Esta petición empieza con una afirmación de nuestra miseria respecto de su Misericordia. Pero este desbordamiento de misericordia no puede penetrar en nuestro corazón mientras no hayamos perdonado a los que nos han ofendido. No podemos amar a Dios a quien no vemos, si no amamos al hermano, a la hermana a quien vemos (cf 1 Jn 4, 20). Al negarse a perdonar a nuestros hermanos y hermanas, el corazón se cierra, su dureza lo hace impermeable al amor misericordioso del Padre; en la confesión del propio pecado, el corazón se abre a su gracia.


La grandeza de esta petición de la oración del Señor reside en la partícula “como”. Con ella, expresamos una participación, vital y nacida “del fondo del corazón”, en la santidad, en la misericordia, y en el amor de nuestro Dios. Así, adquieren vida las palabras del Señor sobre el perdón, este Amor que ama hasta el extremo del amor (cf Jn 13, 1). No está en nuestra mano no sentir ya la ofensa y olvidarla; pero el corazón que se ofrece al Espíritu Santo cambia la herida en compasión y purifica la memoria transformando la ofensa en intercesión.

Por otra parte, el perdón es cumbre de la oración cristiana; el don de la oración no puede recibirse más que en un corazón acorde con la compasión divina. Además, el perdón da testimonio de que, en nuestro mundo, el amor es más fuerte que el pecado. Los mártires de ayer y de hoy dan este testimonio de Jesús. El perdón es la condición fundamental de la reconciliación.

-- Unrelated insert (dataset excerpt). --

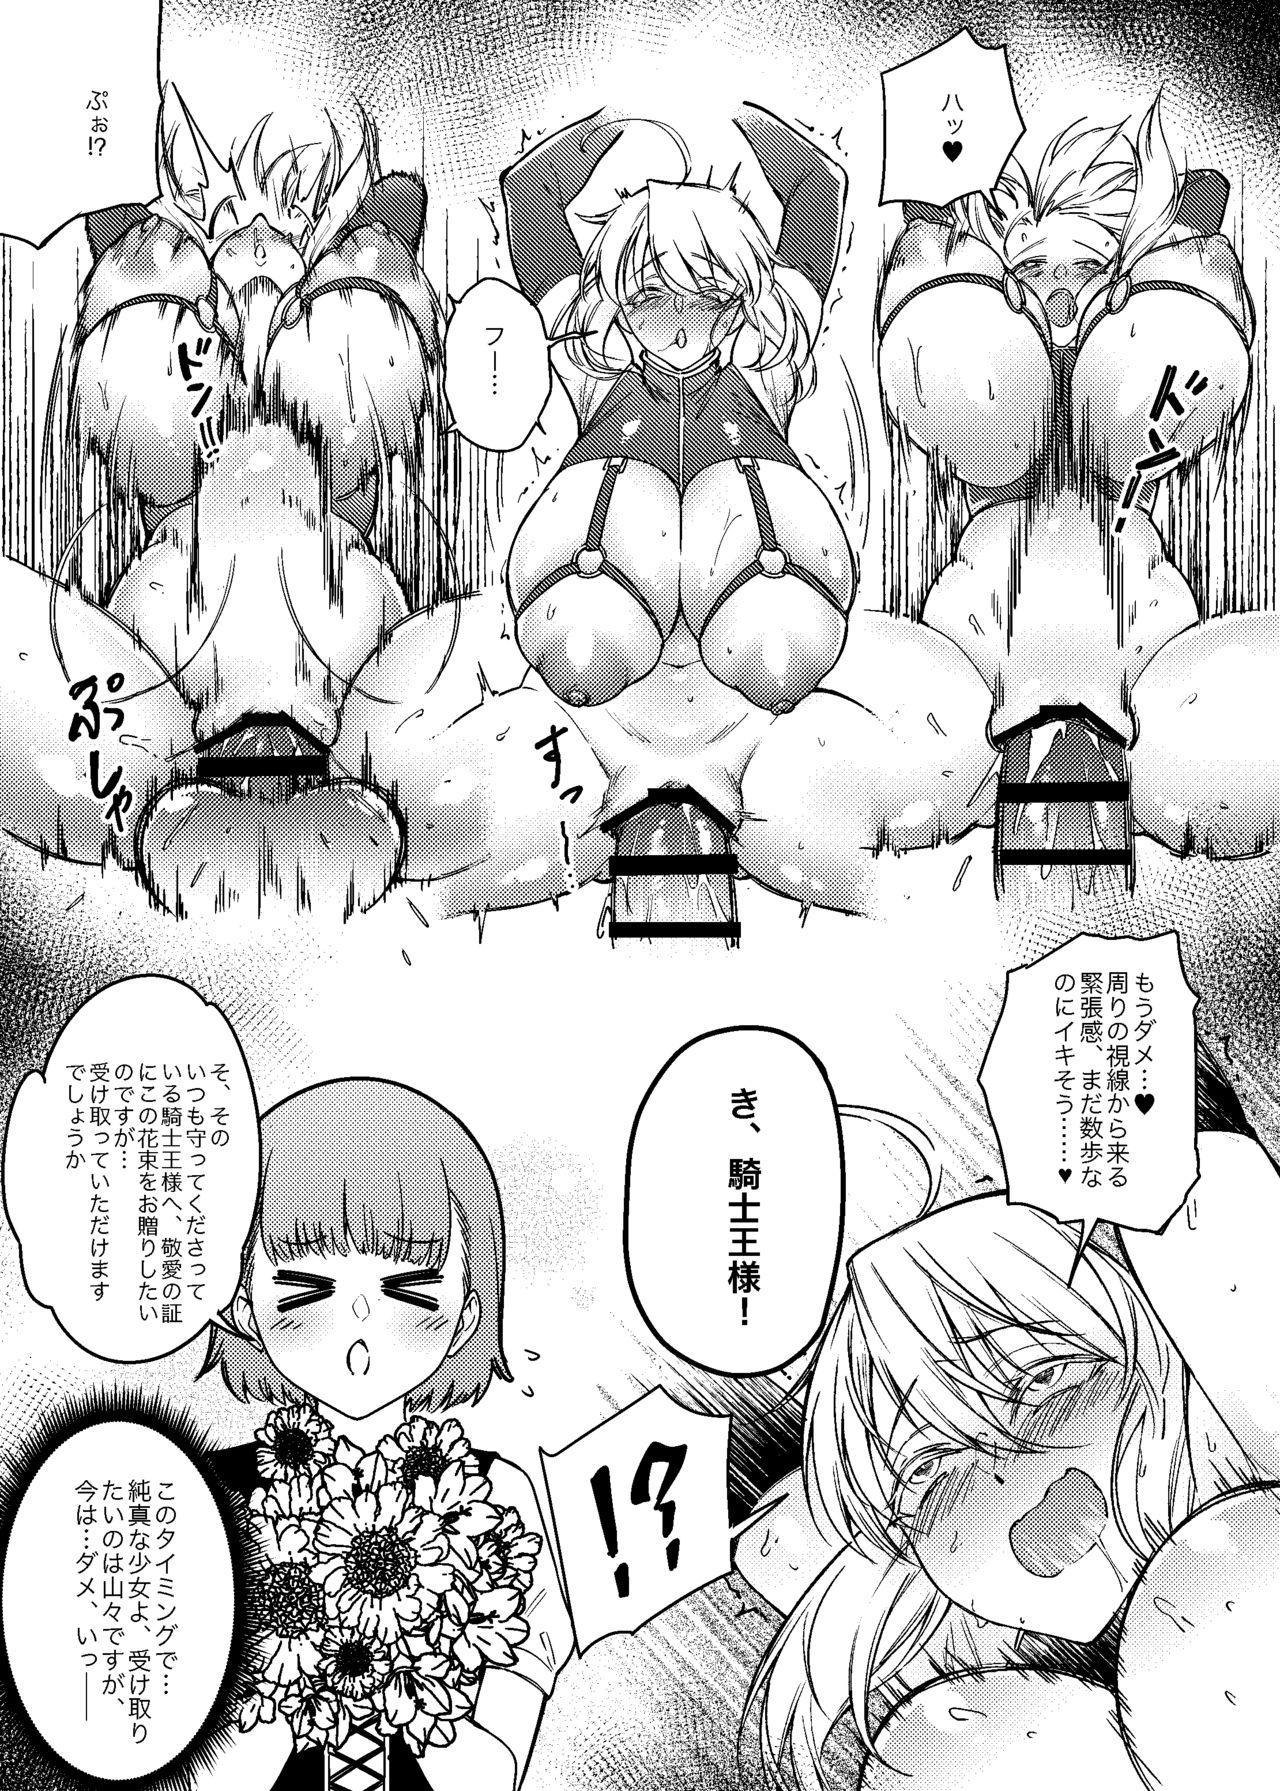 Hakuba ni Norareru Kishi 3 9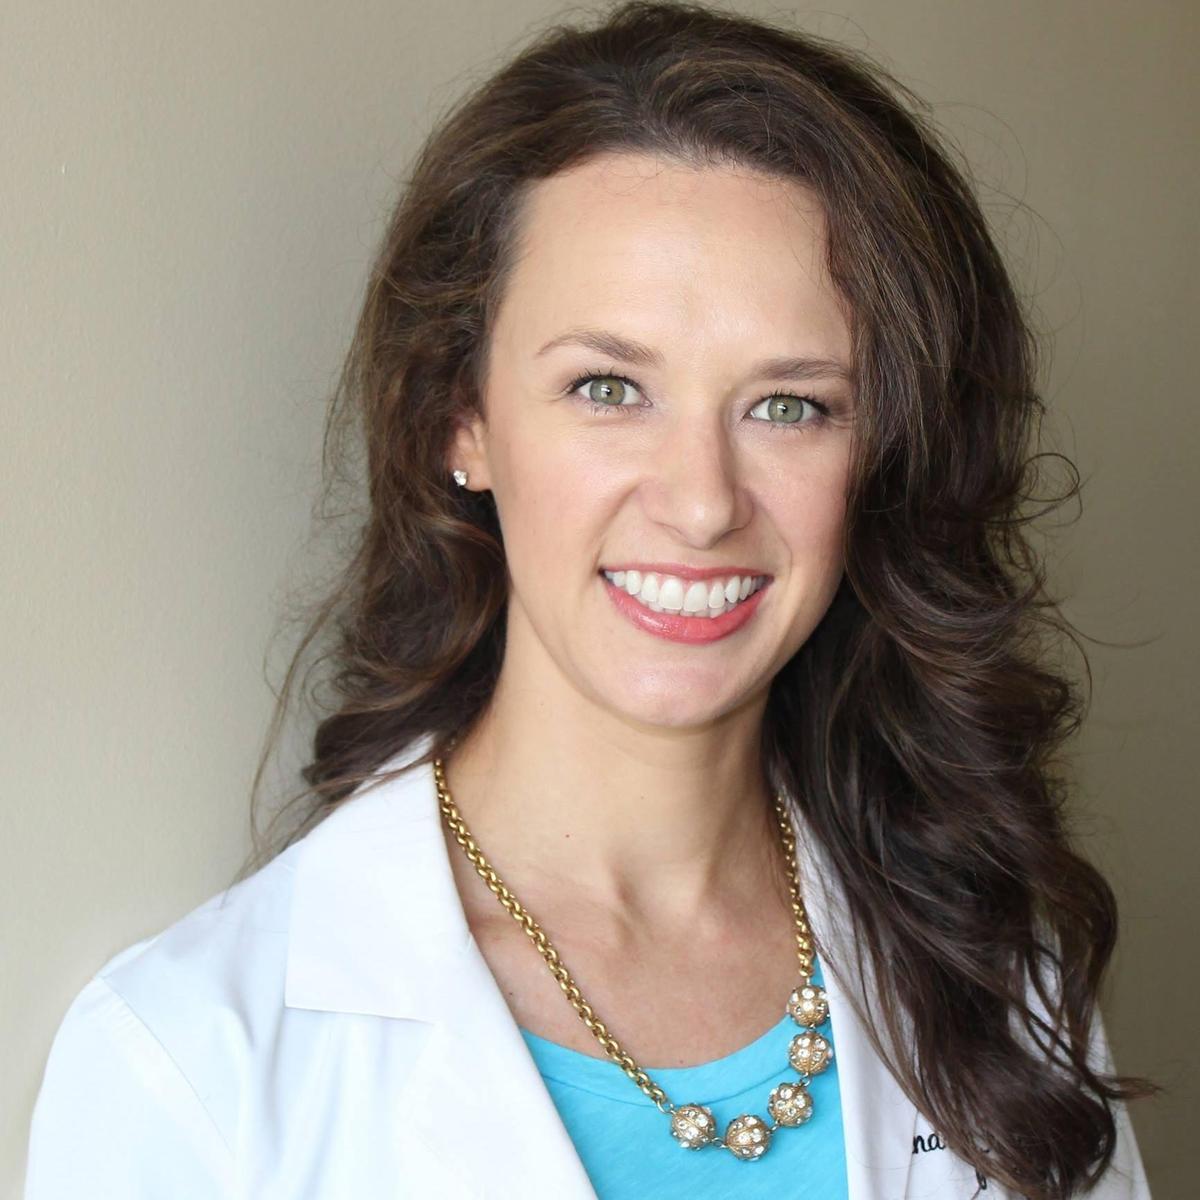 Dr. Andrea Logan

No hay límite ni medida en este perdón, esencialmente divino, pues se vive en la oración y sobre todo en la Eucaristía (cf Mt 5, 23-24). A este respecto es bastante elocuente el siguiente texto de san Cipriano de Cartago: «Dios no acepta el sacrificio de los que provocan la desunión, los despide del altar para que antes se reconcilien con sus hermanos: Dios quiere ser pacificado con oraciones de paz. La obligación más bella para Dios es nuestra paz, nuestra concordia, la unidad en el Padre, el Hijo y el Espíritu Santo de todo el pueblo fiel» (De dominica Oratione, 23).

Pasemos, pues, ya a estudiar como la Iglesia ha convertido en oración toda esta enseñanza de Jesucristo.

II. Celebración

El formulario que hoy analizamos es de nueva creación y, fundamentalmente, de inspiración bíblica. Se rige por las normas generales de las misas “ad diversa” y puede ser completada con la plegaria eucarística cuarta para las misas por diversas necesidades. Puede ser celebrada de color blanco o del color litúrgico del tiempo en que se empleé.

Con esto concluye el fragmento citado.